Dossier Emanuela Orlandi: si riaccende l’enigma mai risolto
A distanza di 34 anni dalla scomparsa di Emanuela Orlandi, la giovane cittadina vaticana svanita nel nulla il 22 giugno 1983, si apre un nuovo capitolo sull’enigma mai risolto: un nuovo dossier rivela che il Vaticano ha speso oltre 483 milioni di lire per l’allontanamento della ragazza.
Si riaccende l’interesse per l’intricata vicenda della scomparsa della giovane, figlia di un commesso pontificio, che per più di trenta anni ha messo in gioco piste internazionali, servizi segreti, rivelazioni e ritrattazioni all’ombra del Vaticano. Il nuovo dossier, venuto in possesso del giornalista Emiliano Fittipaldi, sintetizza gli esborsi sostenuti dal Vaticano dal 1983 al 1997. La somma totale investita nella vicenda Orlandi è ingente: oltre 483 milioni, quasi mezzo miliardo di lire. Oltre 483 milioni di lire spesi dal Vaticano per il suo allontanamento.“Documentazione falsa e ridicola”, dichiara il portavoce del Vaticano.
La notizia dell’esistenza di questo dossier pubblicata dal Corriere della sera è il cuore dell’ultimo libro del giornalista dell’Espresso, Emiliano Fittipaldi. Leggendo il resoconto e seguendo le tracce delle uscite della nota, che l’estensore attribuisce al cardinale Lorenzo Antonetti, sembra che il Vaticano abbia trovato la piccola rapita chissà da chi, e che abbia deciso di “trasferirla” in Inghilterra, a Londra, in ostelli femminili. Per 14 anni le avrebbe pagato “rette, vitto e alloggio”, “spese mediche”, “spostamenti”. Almeno fino al 1997, quando l’ultima voce parla di un ultimo trasferimento in Vaticano e “il disbrigo delle pratiche finali”.
Il Corriere della Sera, il più autorevole quotidiano del Paese, seguito dall’Espresso-Repubblica, quotidiano di Arrigo De Benedetti e di Scalfari ha lanciato la notizia che rivanga dopo 34 anni la storia di Emanuela Orlandi, imbastita col filo bianco che ha di mira il Vaticano.
Non fu proprio il Corriere della Sera il 24 giugno 2008 ad imbastire il complotto su Emanuela Orlandi dopo 25 anni dalla scomparsa della ragazzina quindicenne familiare con Papa Giovanni Paolo II, con l’articolo dal titolo “Emanuela Orlandi rapita per ordine di Marcinkus”. Allora la notizia data dal Corriere della Sera uscì in simultanea con una trasmissione di Rai3 “Chi l’ha visto?” che ricicciava la stessa storia e la stessa testimonianza di Sabrina Minardi, la ex “bambola” della Magliana, la donna del boss Renatino De Pedis, con le sue memorie scucite dopo 25 anni.
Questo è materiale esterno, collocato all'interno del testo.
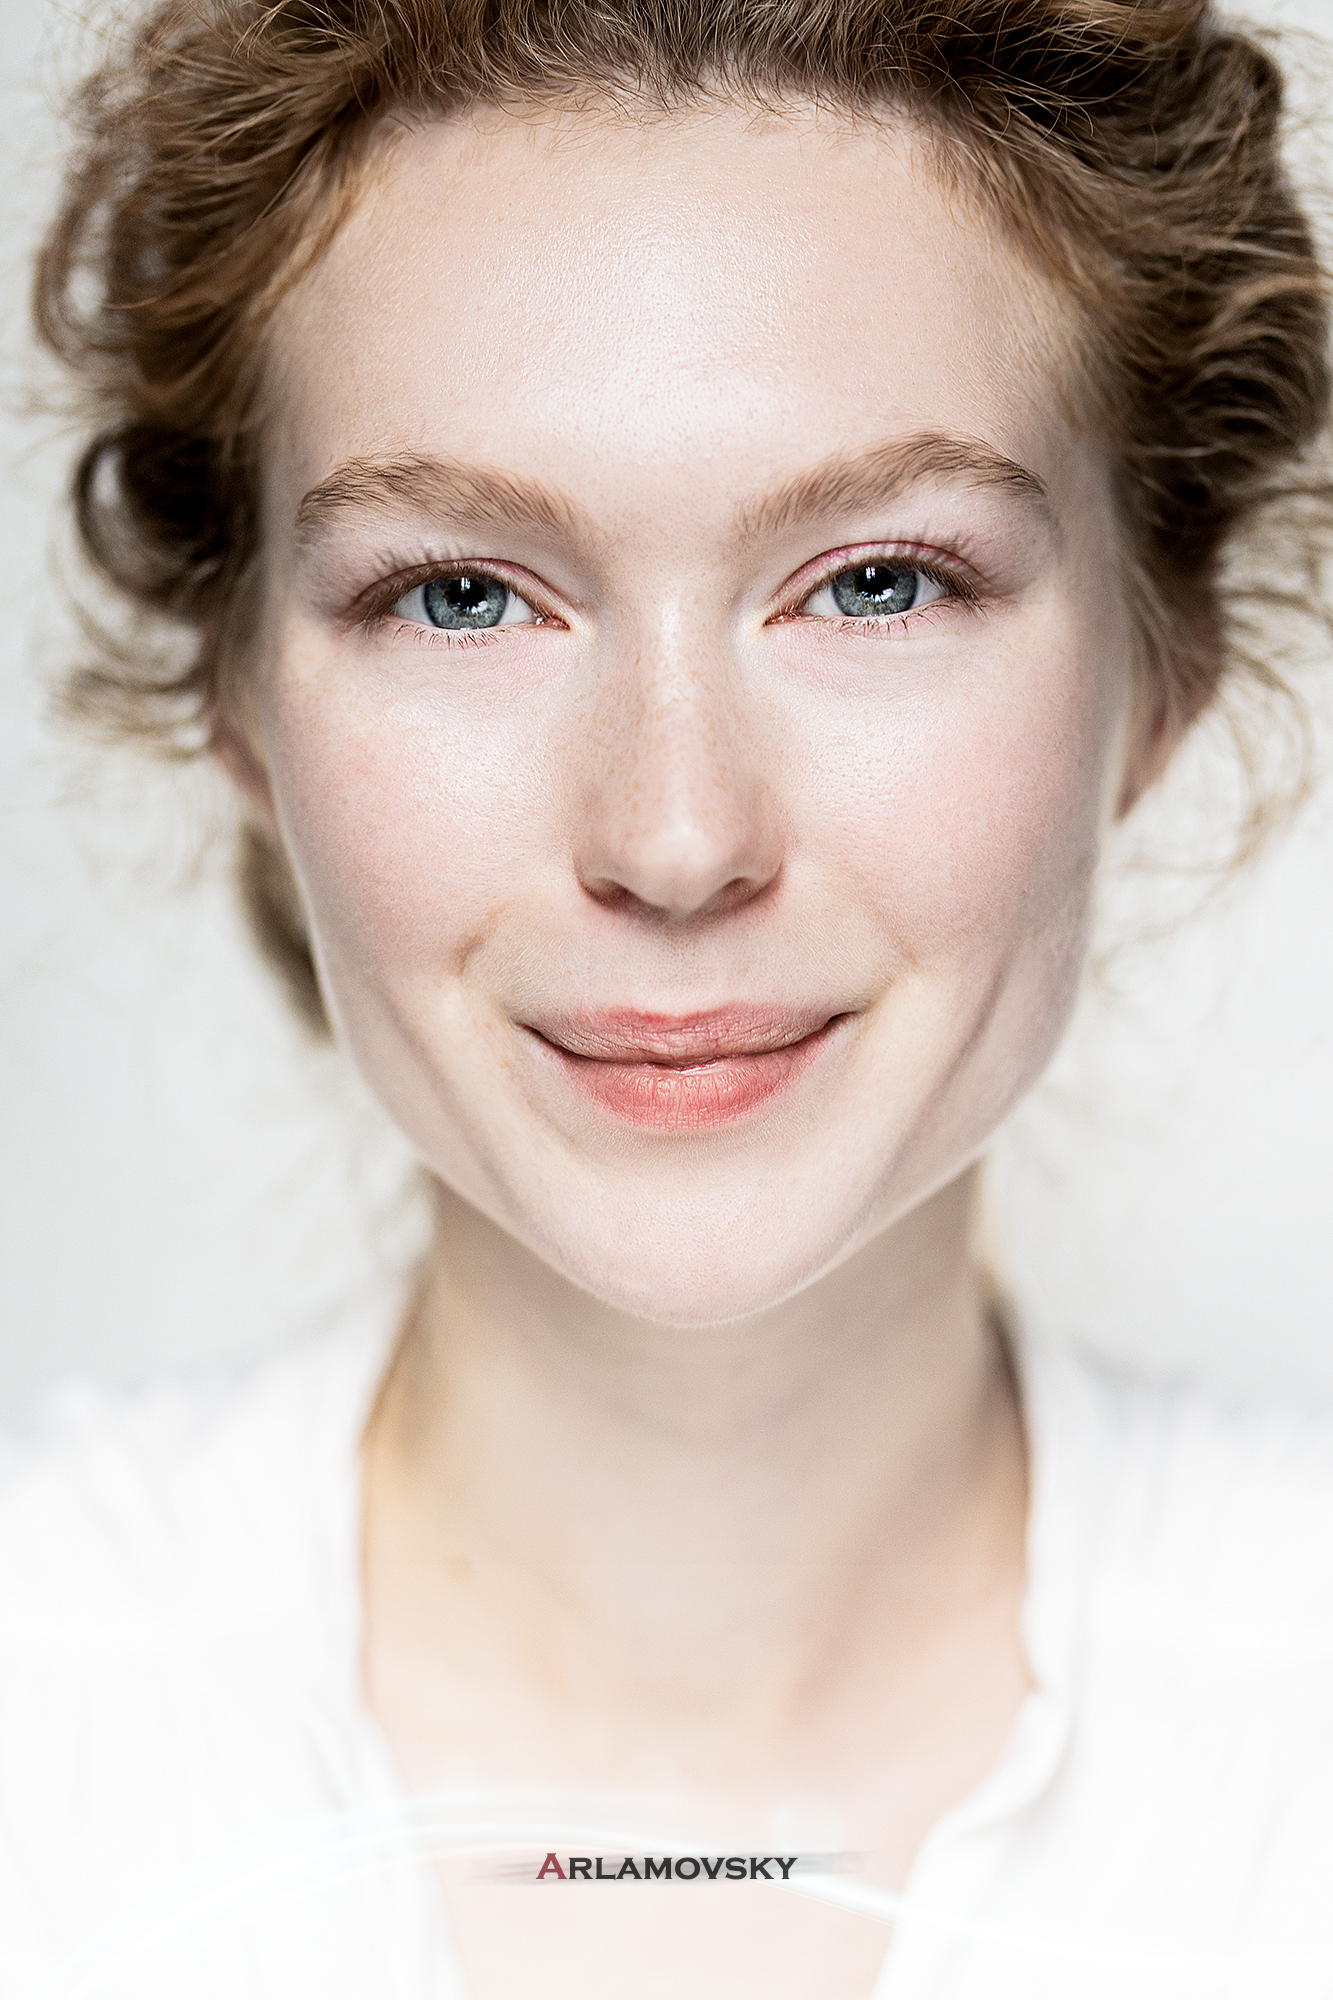 People 1333x2000 arlamovsky photography portrait retouching women women indoors redhead face eyes smiling white background portrait display closeup watermarked

Certo è che sul caso enigmatico di Emanuela Orlandi è stato detto quanto e di più. Che Emanuela Orlandi è stata rapita come “avvertimento” al Papa, che stava indagando in direzioni sgradite sull’attentato di cui era stato vittima, per mano di Ali Agca. Che Emanuela Orlandi è stata uccisa da un cardinale e che le ossa della ragazzina erano state nascoste nella tomba del boss De Pedis, capo della Banda della Magliana misteriosamente seppellito in Sant’Apollinare.
Che il coinvolgimento della Banda della Magliana, interessata a ricattare il Vaticano per recuperare il denaro investito nel Banco Ambrosiano, come il tentato omicidio di Giovanni Paolo II operato presumibilmente da Gladio rientrerebbero nelle direttive massoniche date ai vescovi fedeli per distruggere la Chiesa in linea con il piano della giudaizzazione della Chiesa in atto dal Risorgimento, accompagnato da un’azione diplomatica a livello internazionale per screditarla e dall’infiltrazione massonica nella Chiesa. A chi conviene allora come oggi rivangare il caso di Emanuela Orlandi? Cui prodest?